Regulators of G-protein signaling (RGS) proteins modulate receptor signaling by binding to activated G-protein α-subunits, accelerating GTP hydrolysis. Selective inhibition of RGS proteins increases G-protein activity and may provide unique tissue specificity. Thiadiazolidinones (TDZDs) are covalent inhibitors that act on cysteine residues to inhibit RGS4, RGS8, and RGS19. There is a correlation between protein flexibility and potency of inhibition by the TDZD 4-[(4- fluorophenyl)methyl]-2-(4-methylphenyl)-1,2,4-thiadiazolidine-3,5-dione (CCG-50014). In the context of a single conserved cysteine residue on the α 4 helix, RGS19 is the most flexible and most potently inhibited by CCG-50014, followed by RGS4 and RGS8. In this work, we identify residues responsible for differences in both flexibility and potency of inhibition among RGS isoforms.

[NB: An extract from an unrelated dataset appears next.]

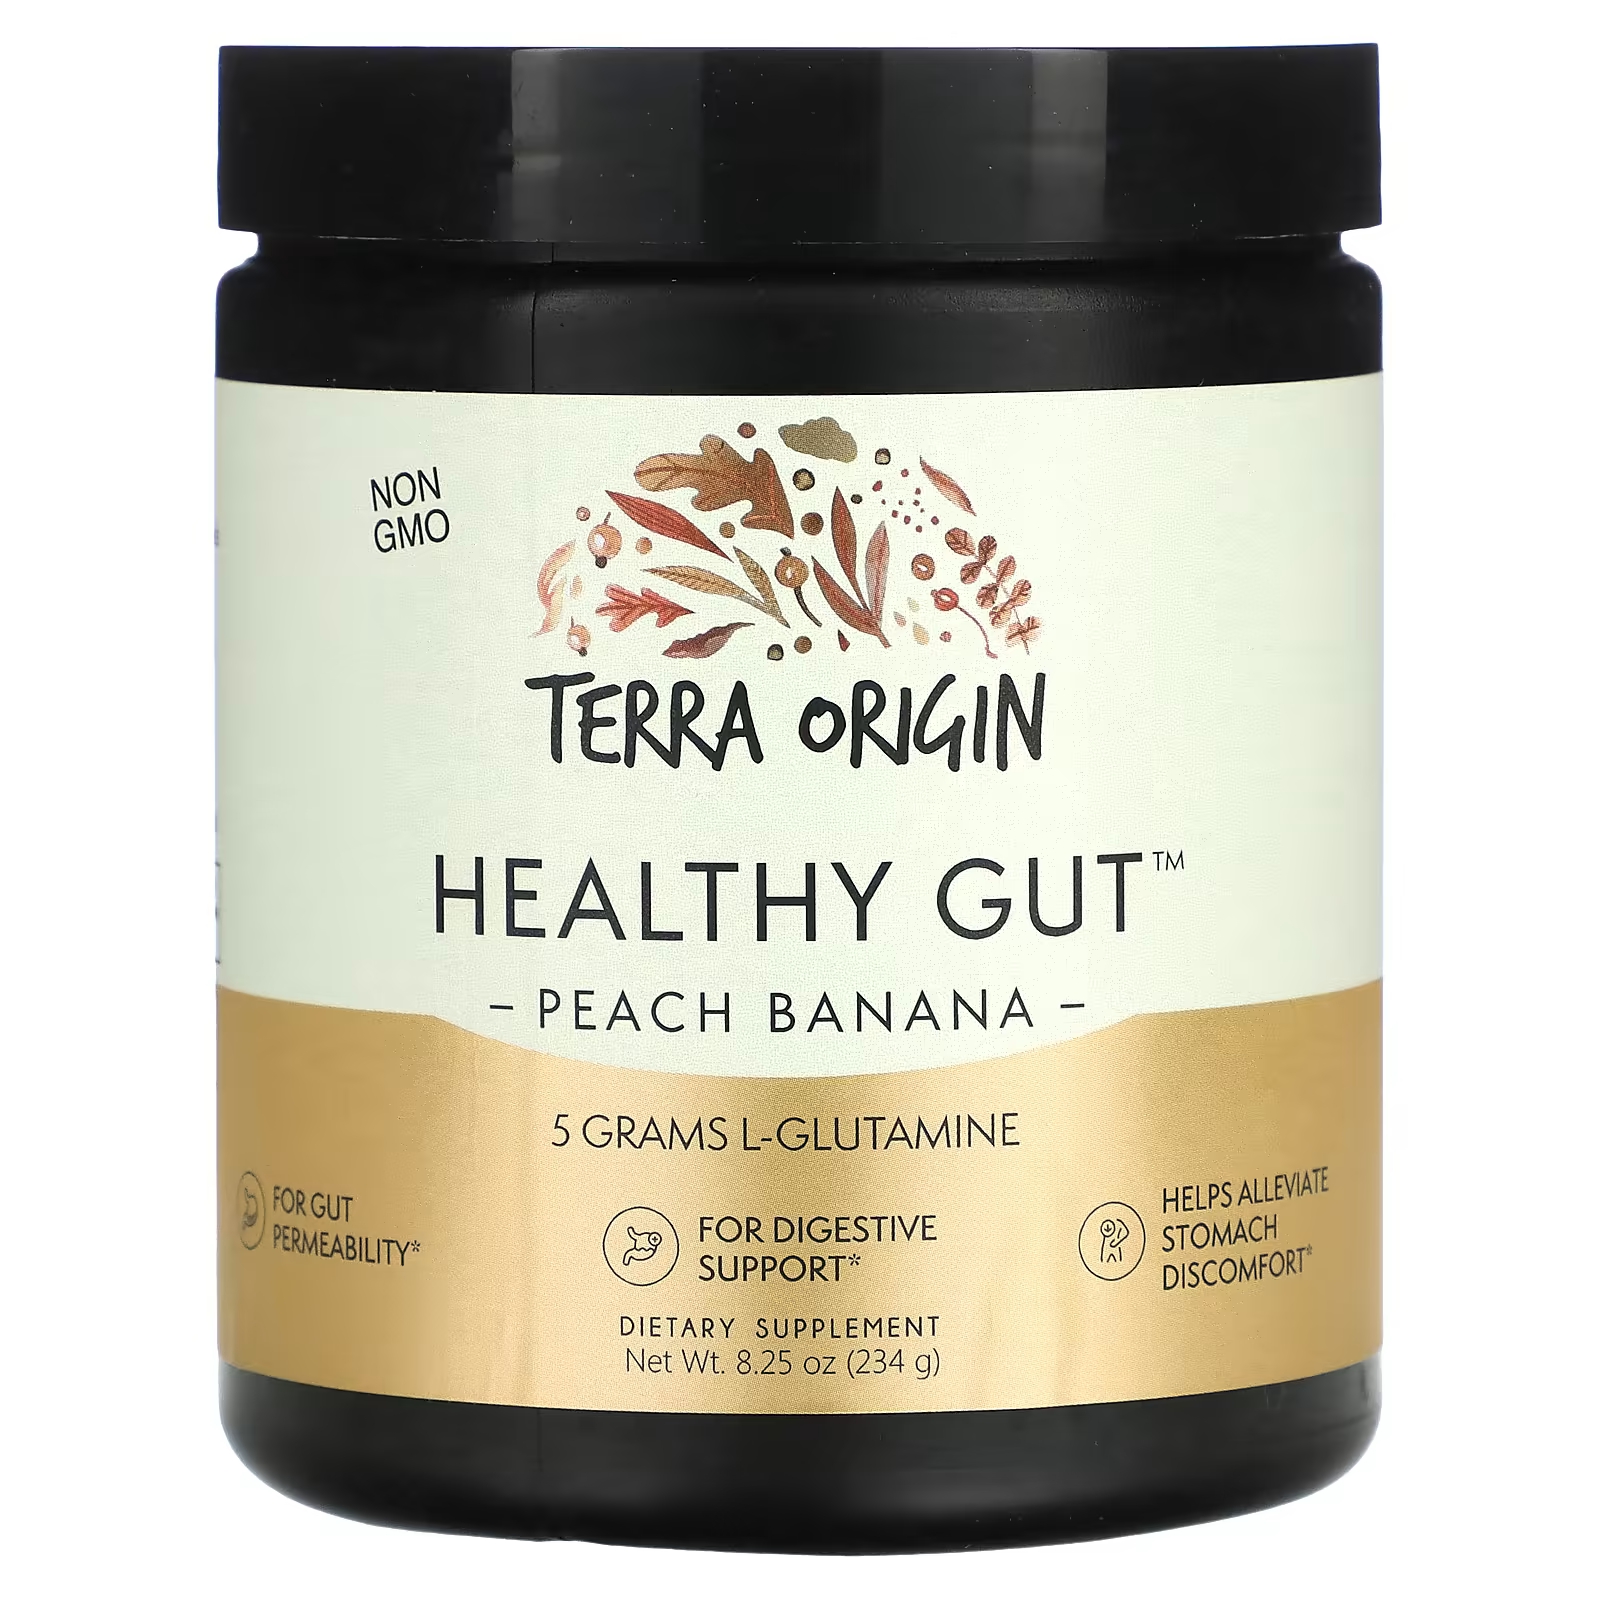 Пищевая добавка Terra Origin Healthy Gut персик и банан, 234 г пищевая добавка terra origin для здорового кишечника 243 г

RGS19 lacks a charged residue on the α 4 helix that is present in RGS4 and RGS8. Introducing a negative charge at this position (L118D) increased the thermal stability of RGS19 and decreased the potency of inhibition of CCG-50014 by 8-fold. Mutations eliminating salt bridge formation in RGS8 and RGS4 decreased thermal stability in RGS8 and increased potency of inhibition of both RGS4 and RGS8 by 4- and 2-fold, respectively. Molecular dynamics simulations with an added salt bridge in RGS19 (L118D) showed reduced RGS19 flexibility. Hydrogen-deuterium exchange studies showed striking differences in flexibility in the α 4 helix of RGS4, 8, and 19 with salt bridge-modifying mutations. These results show that the α 4 salt bridge-forming residue controls flexibility in several RGS isoforms and supports a causal relationship between RGS flexibility and the potency of TDZD inhibitors. SIGNIFICANCE STATEMENT: Inhibitor potency is often viewed in relation to the static structure of a target protein binding pocket. Using both experimental and computation studies we assess determinants of dynamics and inhibitor potency for three different RGS proteins. A single salt bridge-forming residue determines differences in flexibility between RGS isoforms; mutations either increase or decrease protein motion with correlated alterations in inhibitor potency. This strongly suggests a causal relationship between RGS protein flexibility and covalent inhibitor potency.